During full fine-tuning, the GPU must store: the model weights (same as inference), gradient tensors of the same size, and Adam optimizer state — which includes FP32 master weights, first moment (m1), and second moment (m2) tensors, adding roughly 12 extra bytes per parameter. For a 7B model in BF16, inference needs ~14 GB but full training needs ~60–80 GB. LoRA training dramatically reduces this by limiting optimizer states to the small adapter matrices only.

The key-value cache stores the attention keys and values computed for all previous tokens in a sequence. This avoids recomputing them at each generation step. The cache size = 2 × layers × KV-heads × head-dim × sequence-length × batch-size × bytes. Since sequence length is in the formula linearly, extending context from 4K to 128K tokens increases KV cache by 32×. Models with Grouped Query Attention (GQA) reduce KV-heads to 8 or fewer, substantially cutting KV cache size.

GGUF (used by llama.cpp and Ollama) quantises model weights to 2–8 bits per parameter, dramatically reducing weight storage. GGUF mode calculates weight memory as parameters × (quantBits / 8) bytes. The KV cache is always stored in FP16 regardless of weight quantisation, as it changes dynamically with each generation step.
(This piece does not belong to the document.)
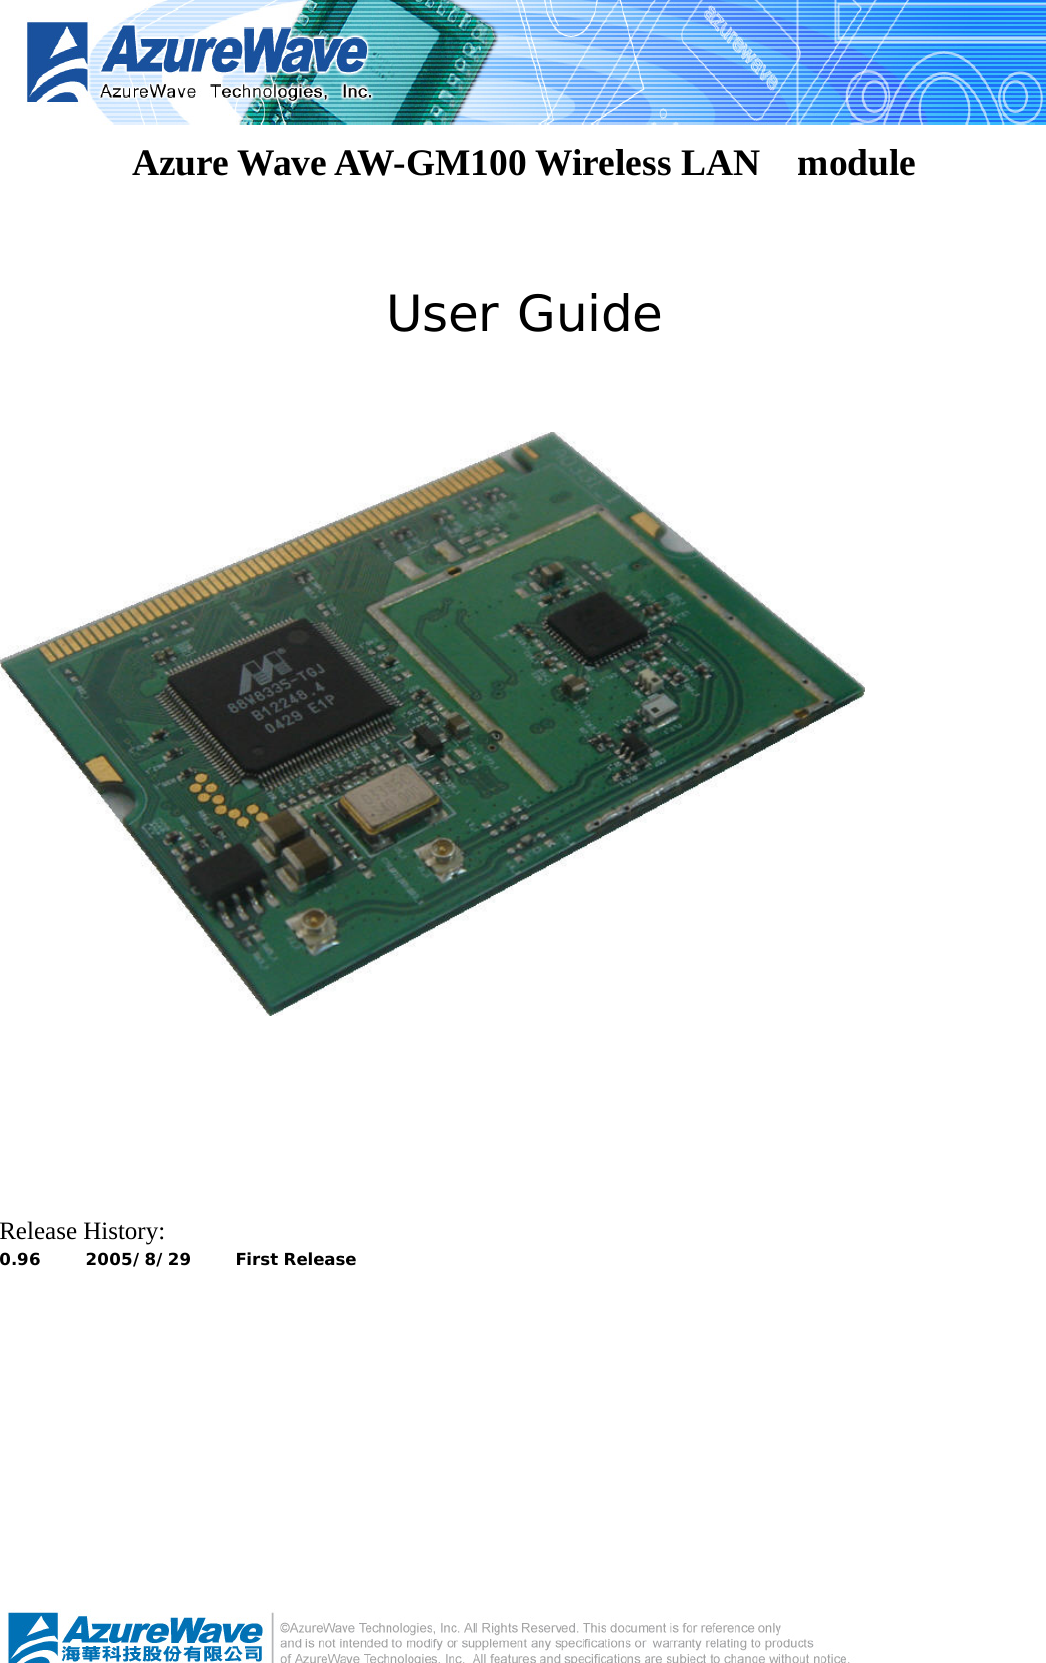   Azure Wave AW-GM100 Wireless LAN  module  User Guide         Release History: 0.96 2005/8/29 First Release

Q4_K_M (≈4 bits) is the most popular balance of quality and memory efficiency.

GQA reduces the number of key and value attention heads to a fraction of query heads (e.g., 8 KV heads vs 32 query heads in Llama 3.1). Since KV cache memory scales with KV heads, GQA reduces KV cache by 4× in that example. This is why modern models like Llama 3.1 can serve longer contexts without proportionally exploding VRAM. In the vram calculator, enter the actual num_key_value_heads from config.json for accurate KV cache estimates.

At FP16, a 70B model requires approximately 140 GB for weights alone, plus KV cache. This fits on two NVIDIA H100 80GB or A100 80GB GPUs (160 GB combined) using tensor parallelism. At INT4, weights drop to ~35 GB, fitting on a single H100 or two A100 40GB cards. Use the GPU compatibility table in the calculator to see the minimum GPU count for each card in your configuration.
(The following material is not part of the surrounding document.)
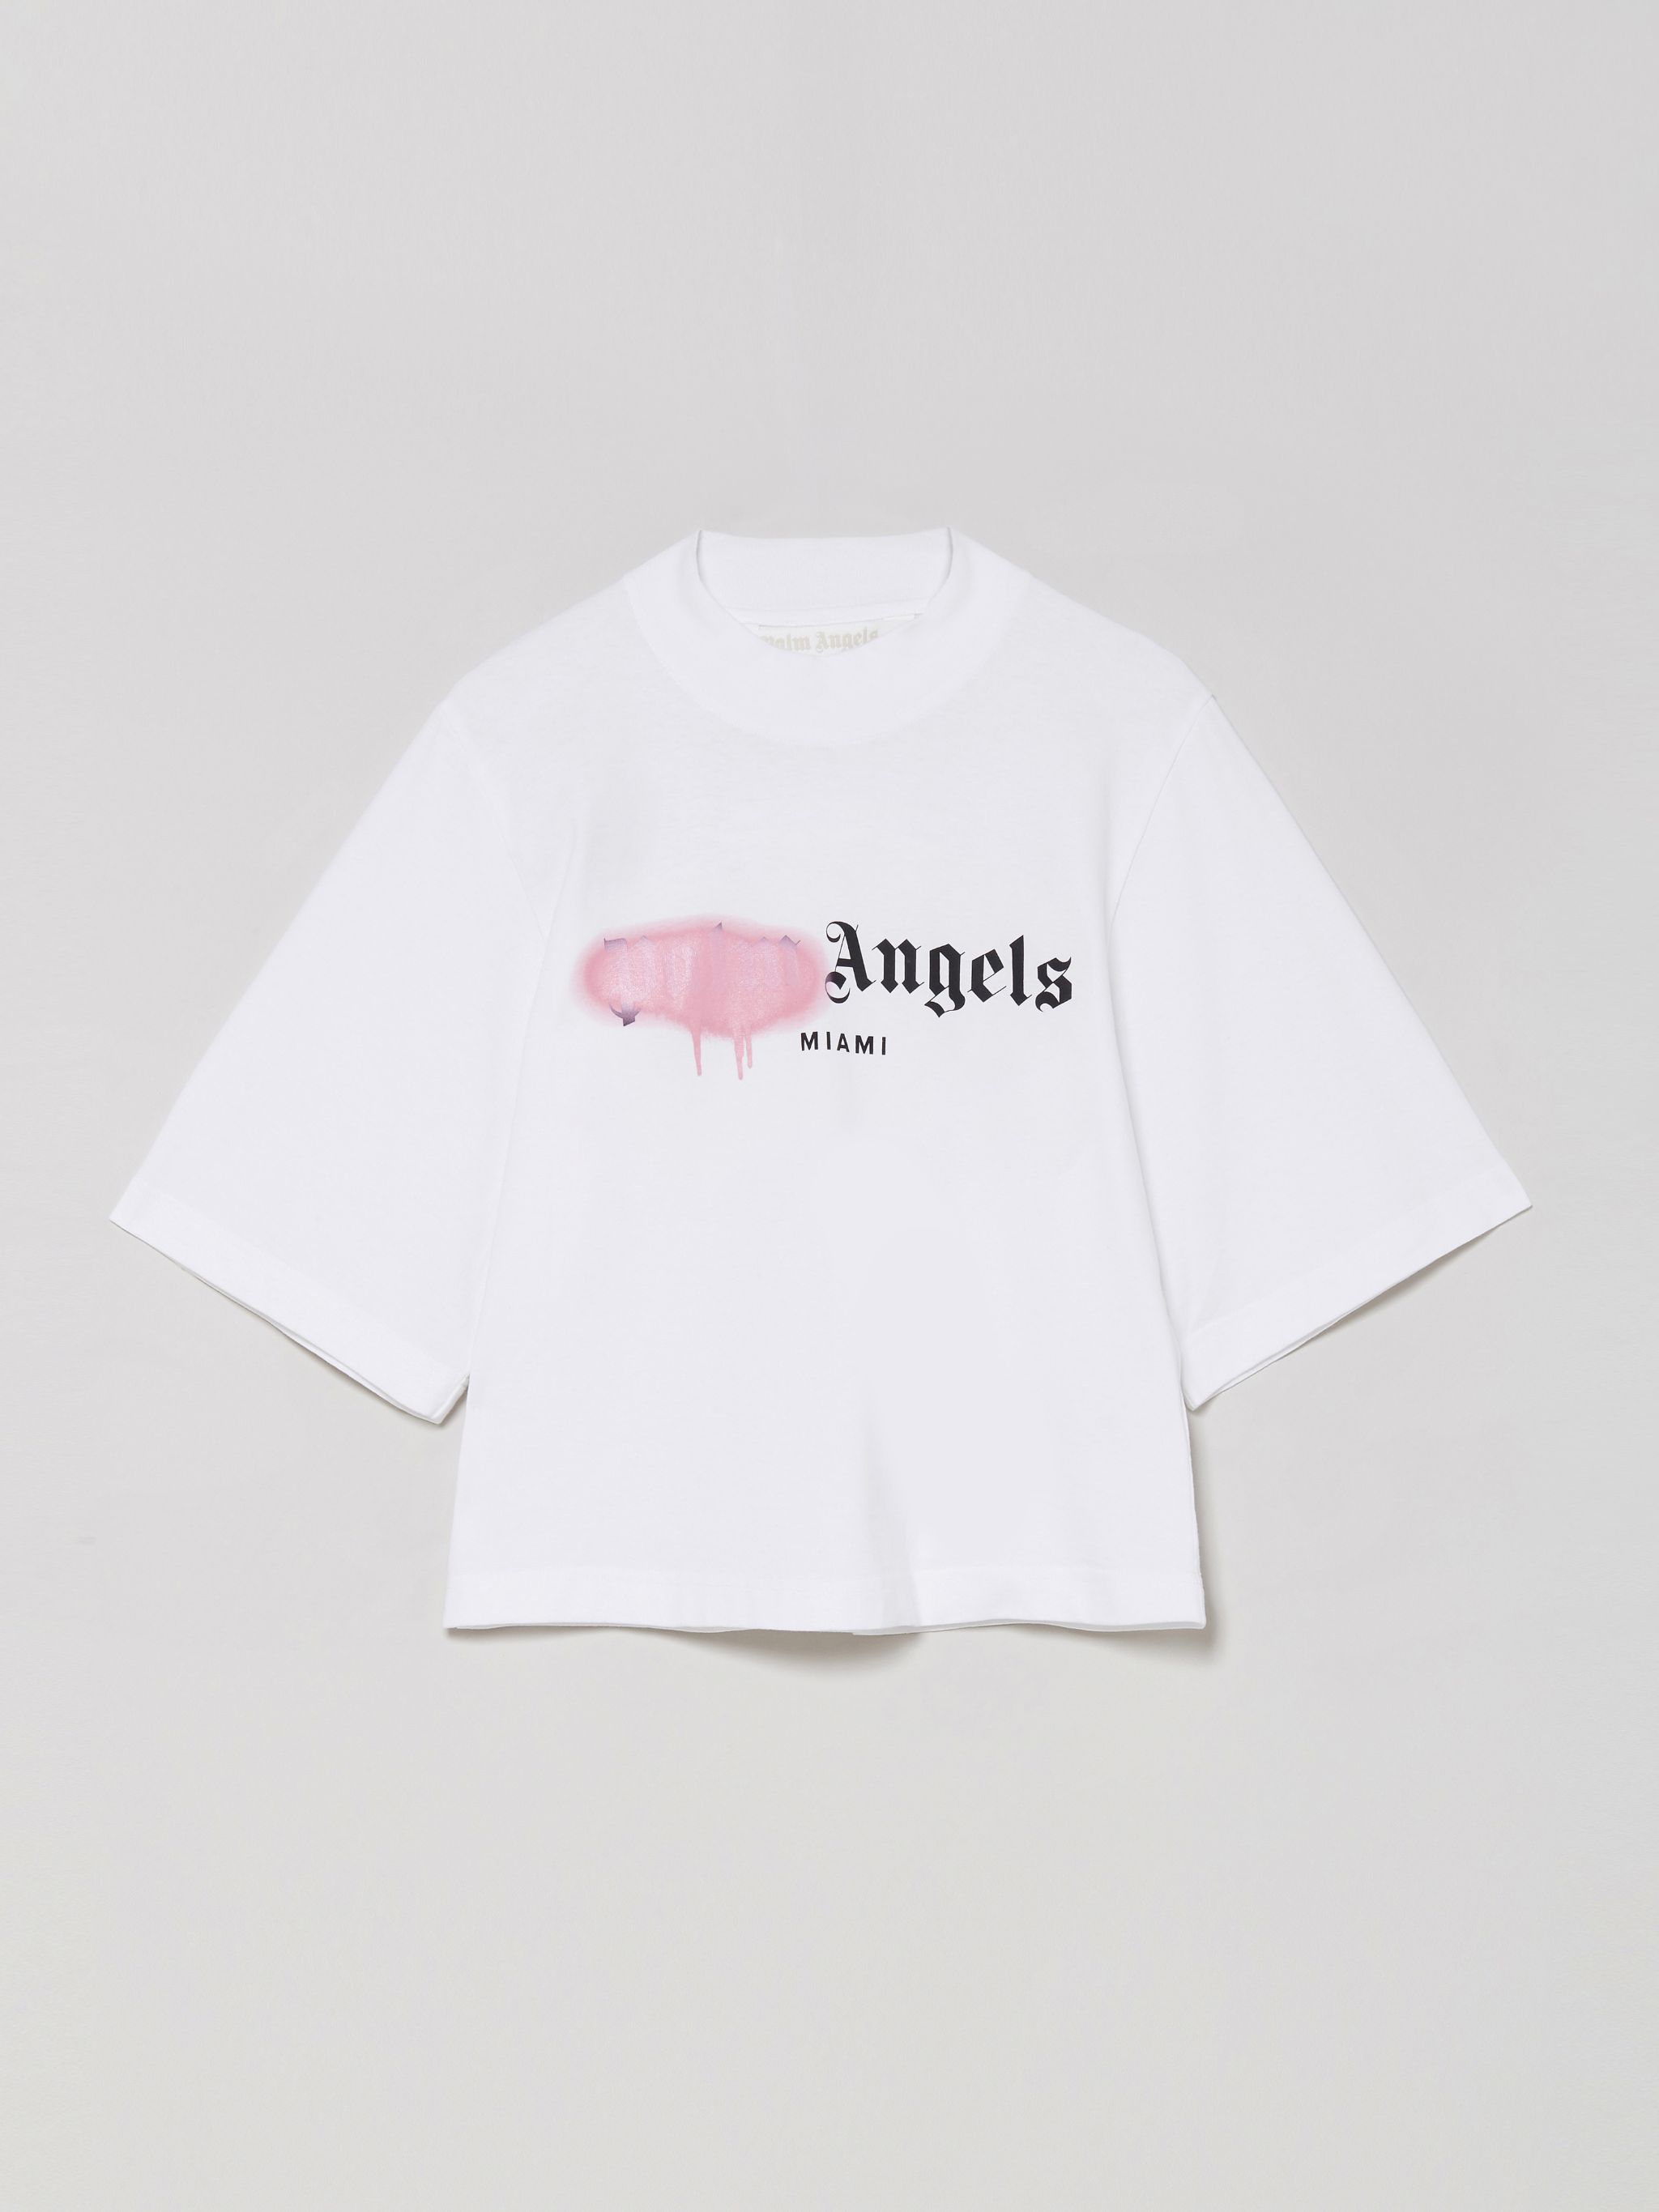 MIAMI SPRAYED LOGO T-SHIRT in white - Palm Angels® Official

The calculator uses the standard theoretical formula that all runtimes are based on. vLLM uses paged attention which manages KV cache in pages — actual peak VRAM may be 5–15% higher due to page overhead. llama.cpp memory-maps weights on CPU and only loads active layers to GPU, so it can run larger models with less VRAM. Transformers pre-allocates the full KV cache up front. The 7% framework overhead buffer in the calculator accounts for most of this variance.

Yes. The VRAM calculator runs entirely client-side in your web browser. Your model architecture parameters, precision choices, and context settings are processed locally on your device and never sent to any server. No account or signup is required.